→ **WHAT NEEDS TO BE DONE**: Omitting all images, set down every line below exactly as it appears.
(RECORDED DATA)
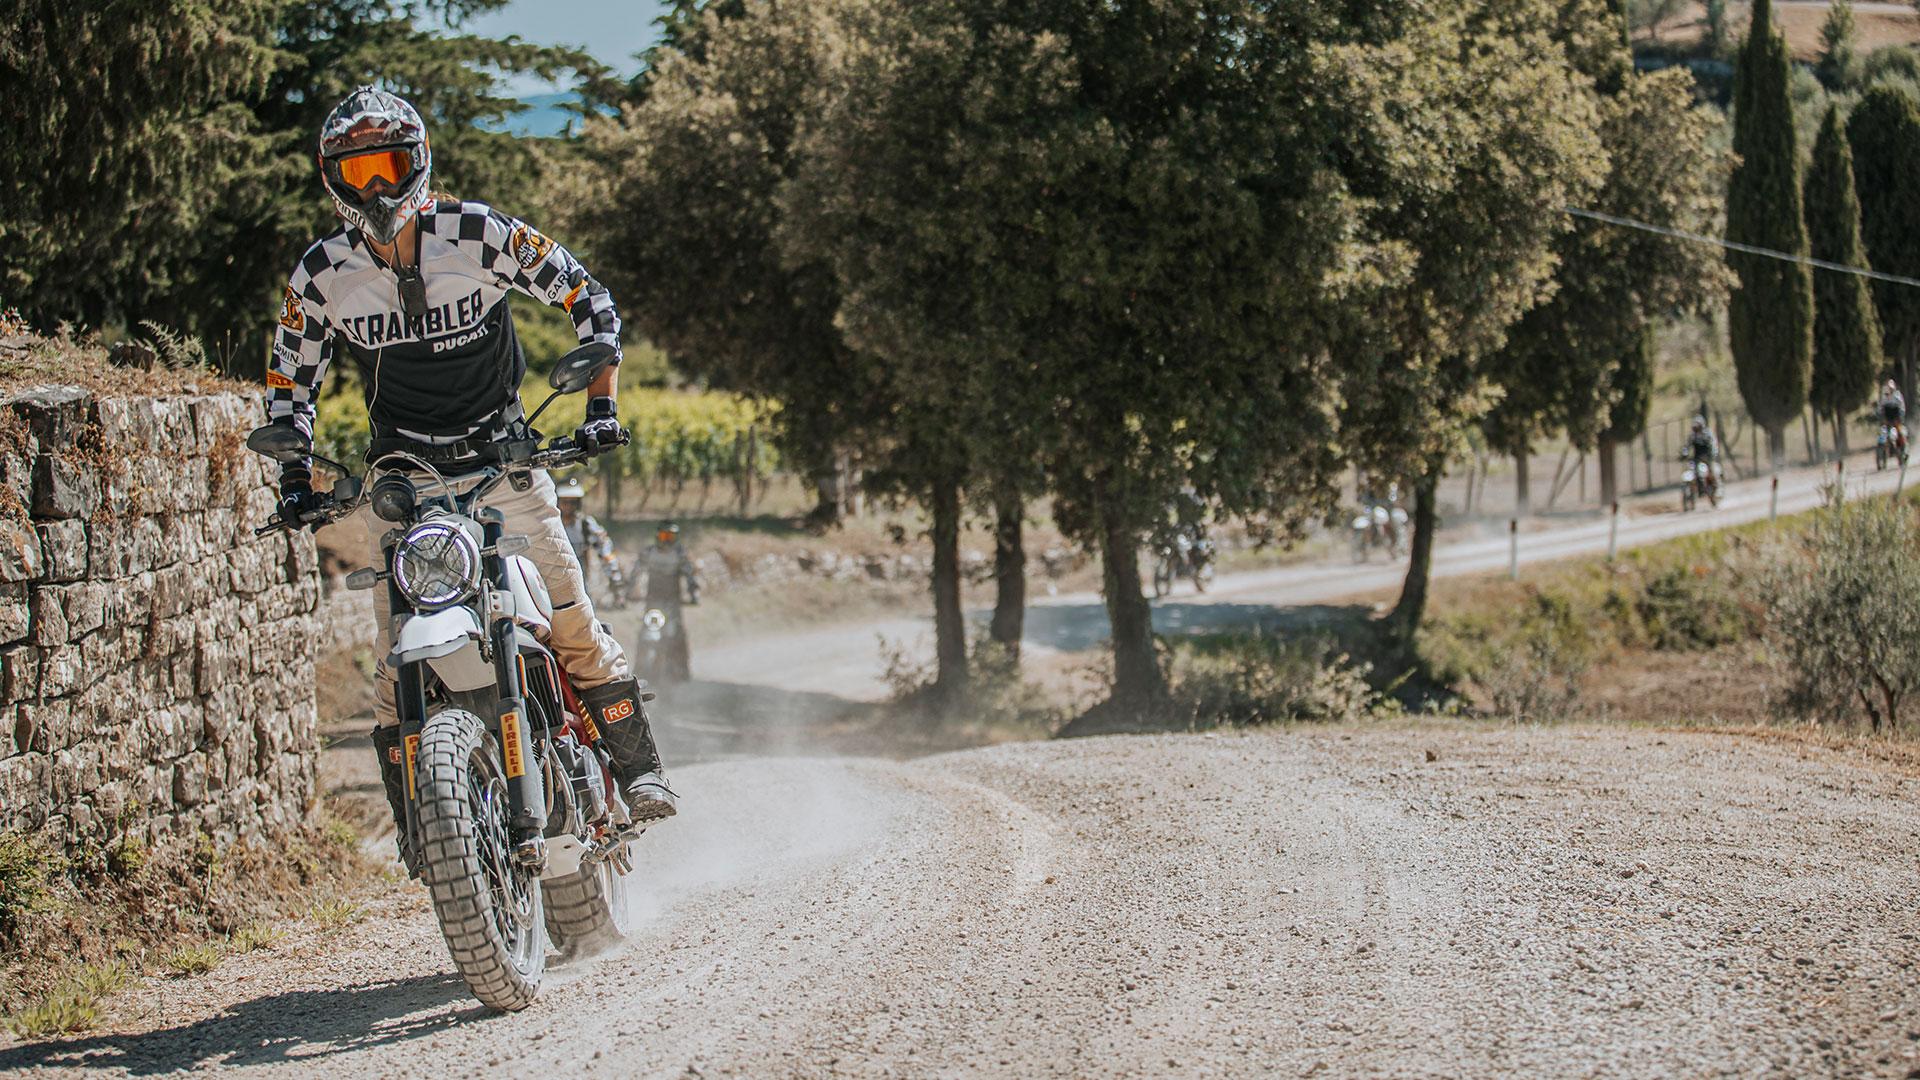 Ducati Scrambler Days of Joy
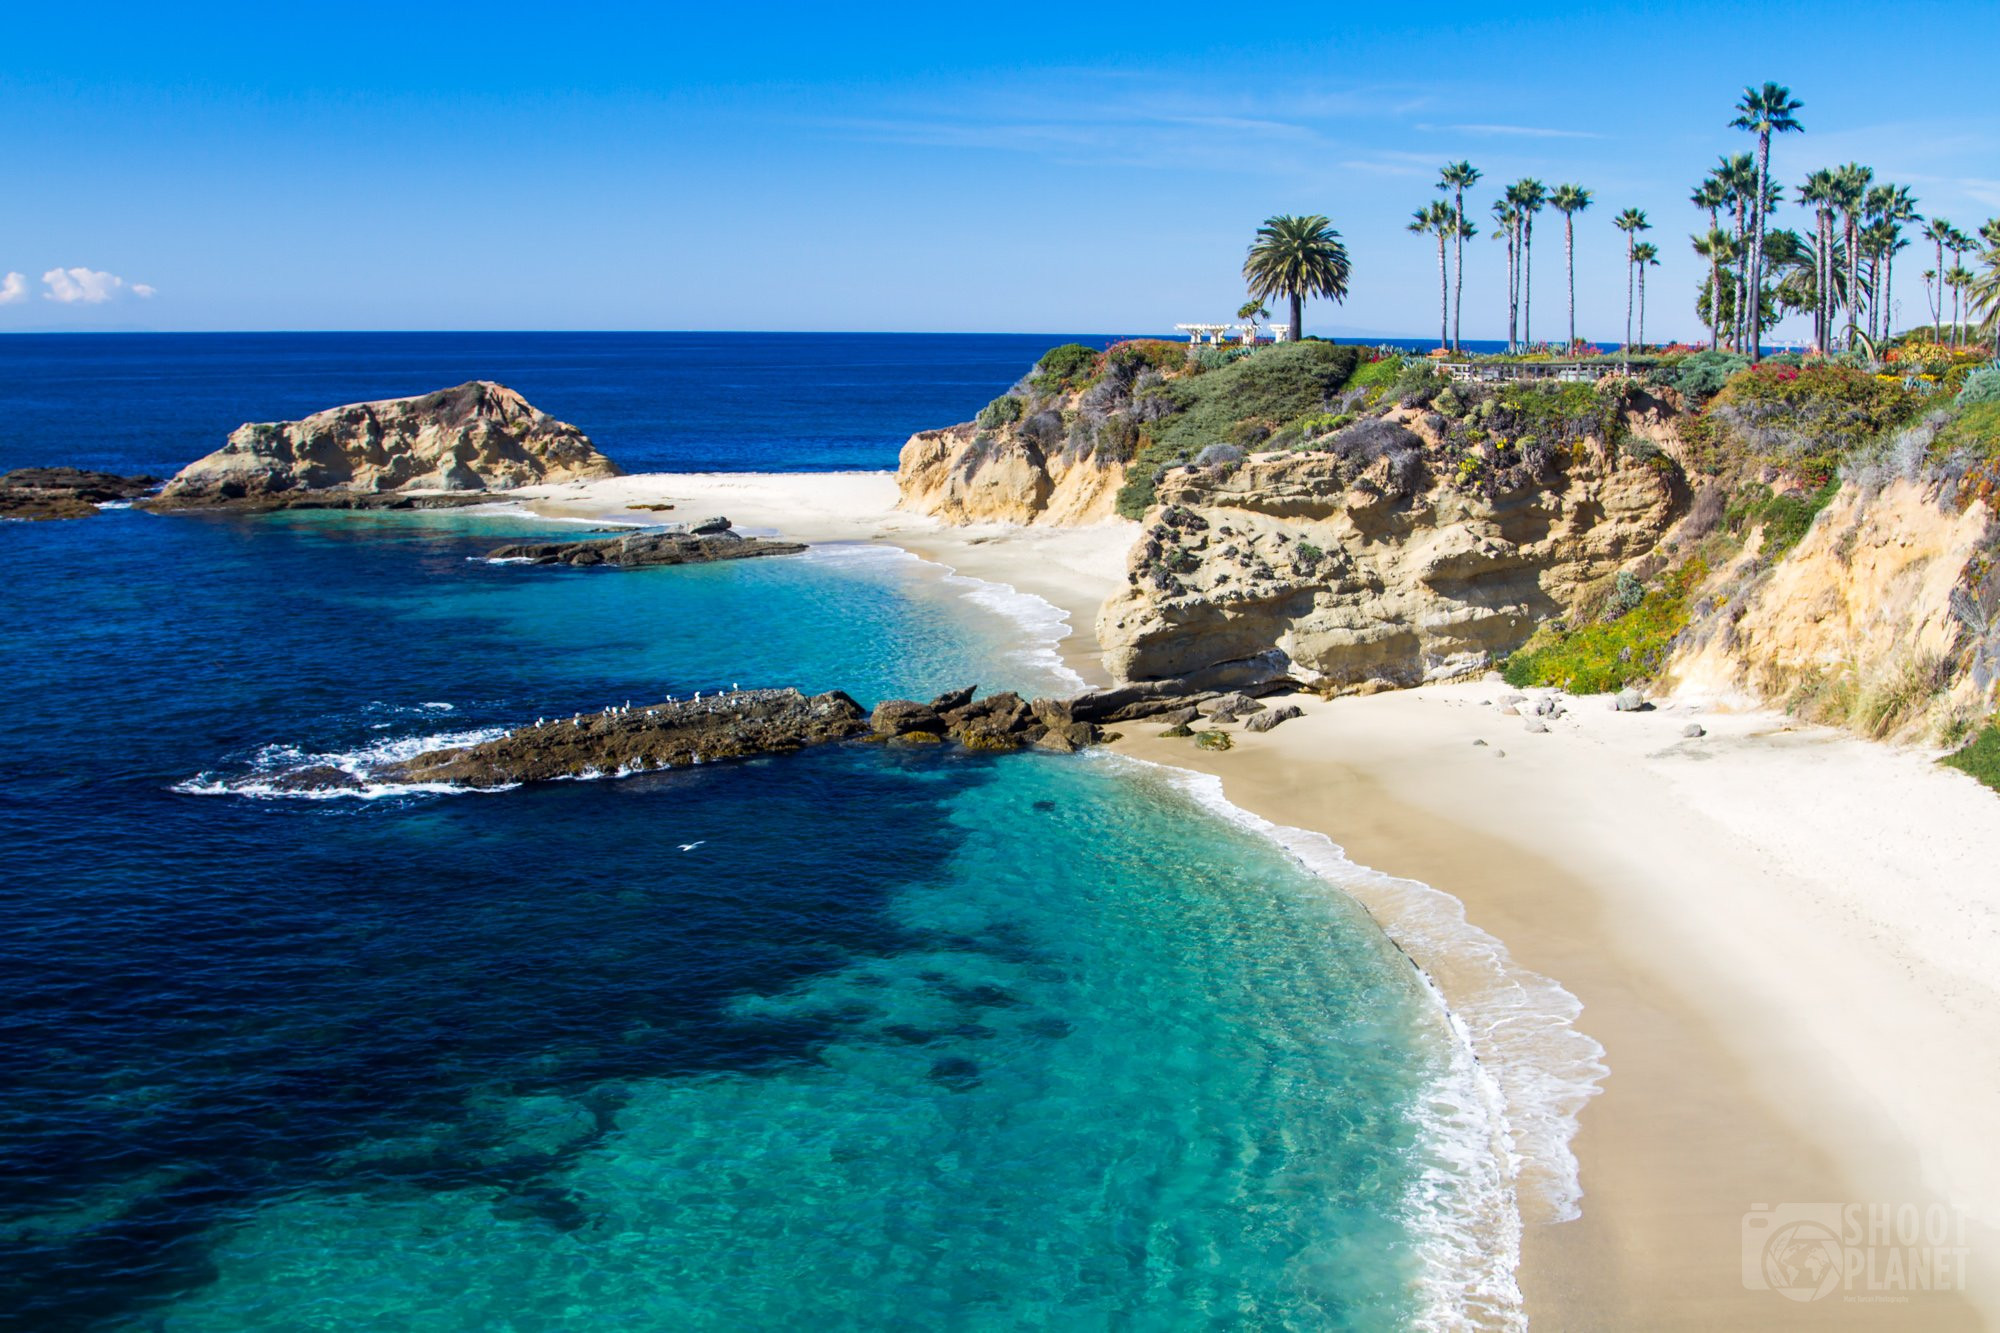 Treasure Island beach, Laguna Beach, California USA
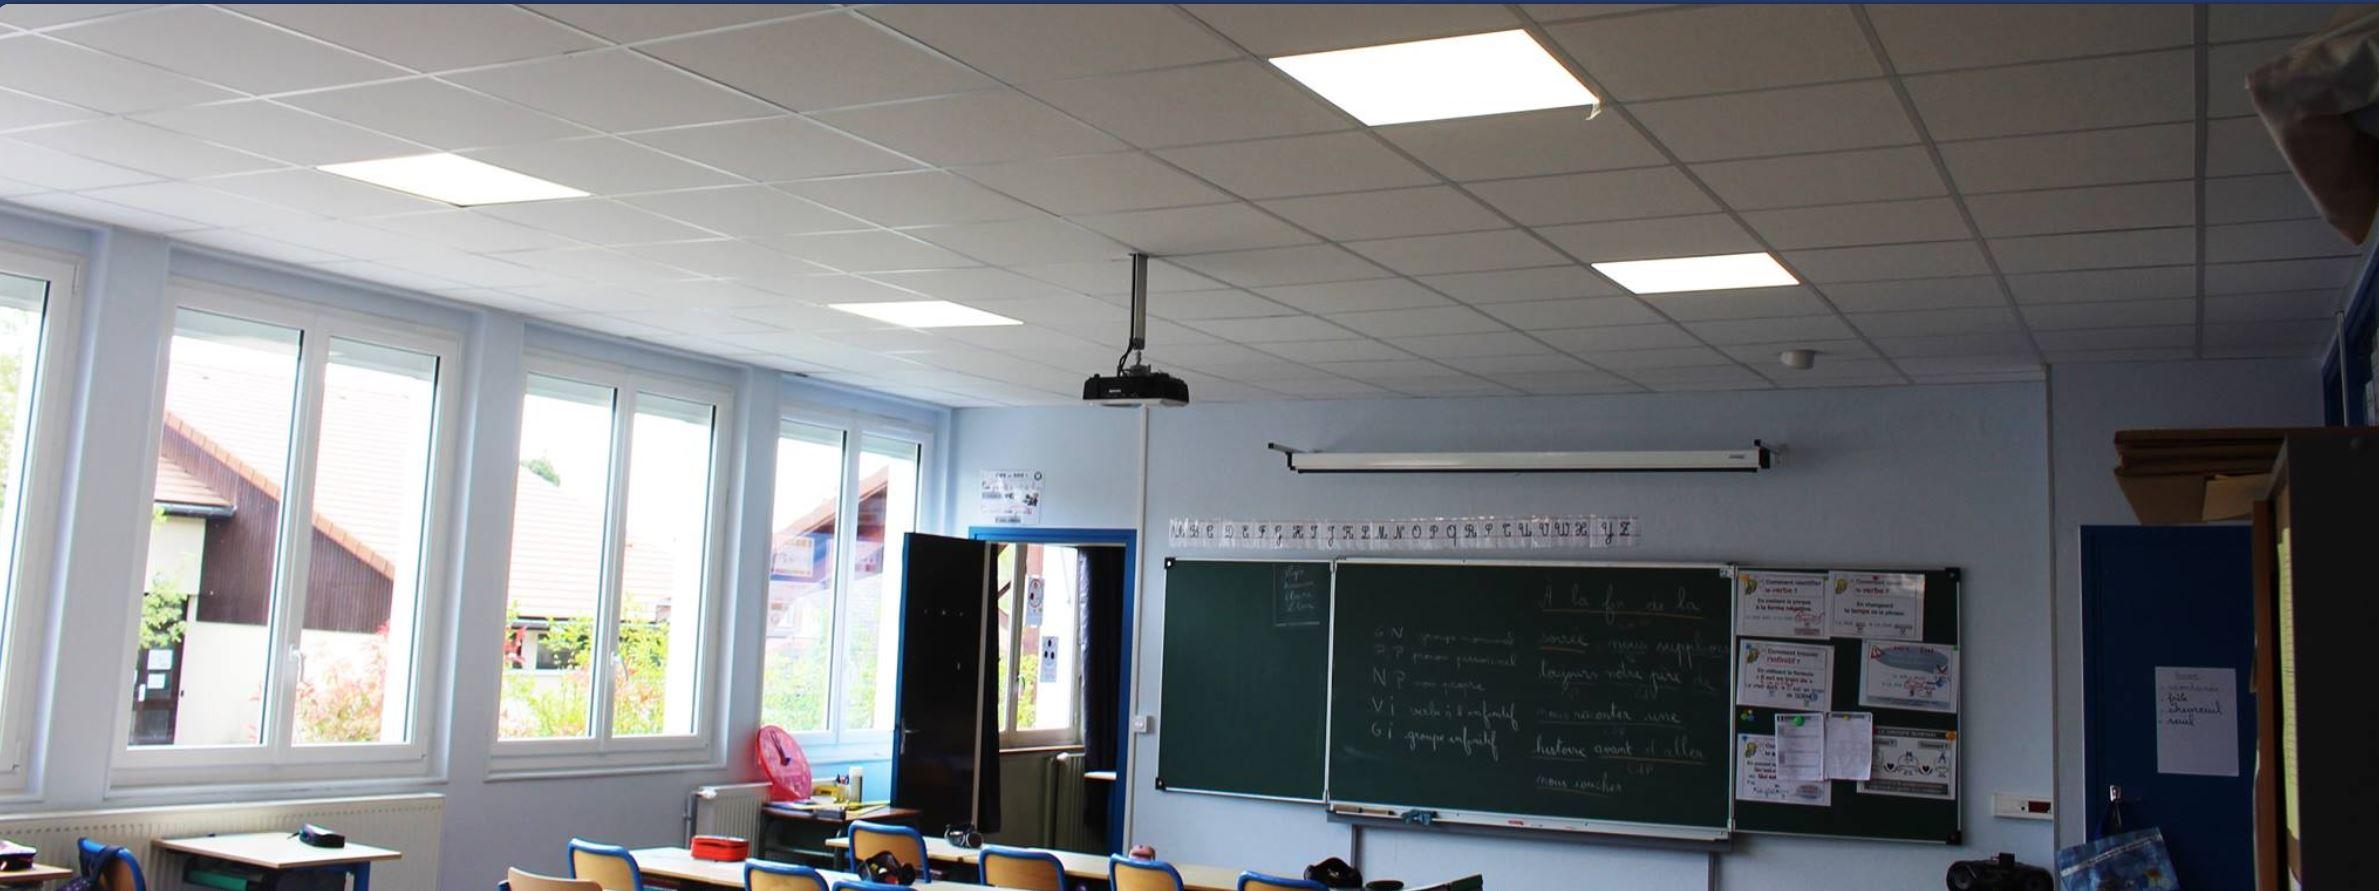 Ecole Rives
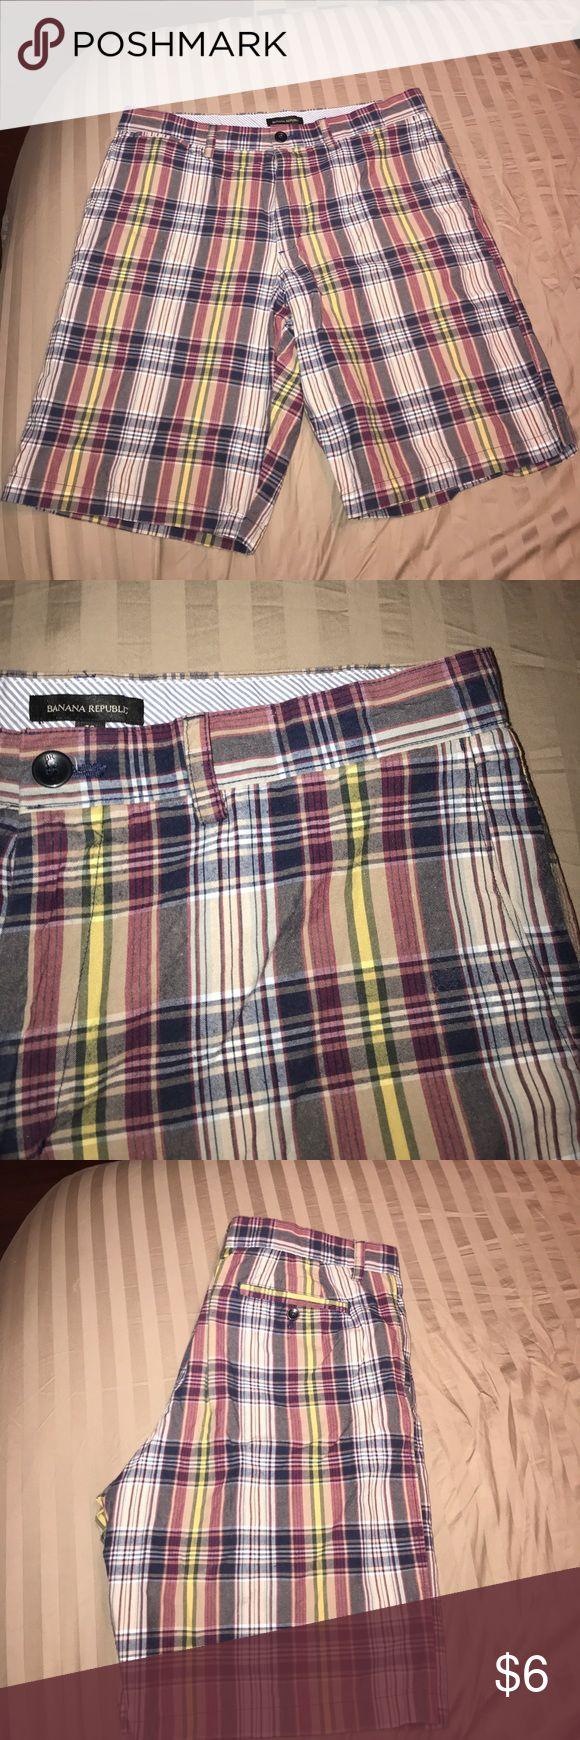 Men's plaid shorts EUC Banana Republic Shorts. Great burgundy plaid. Zipper fly and button closure. Fast shipping Banana Republic Shorts
(End RECORDED DATA)
→ **TASK SOLUTION**:
 Ducati Scrambler Days of Joy
 Treasure Island beach, Laguna Beach, California USA
 Ecole Rives
 Men's plaid shorts EUC Banana Republic Shorts. Great burgundy plaid. Zipper fly and button closure. Fast shipping Banana Republic Shorts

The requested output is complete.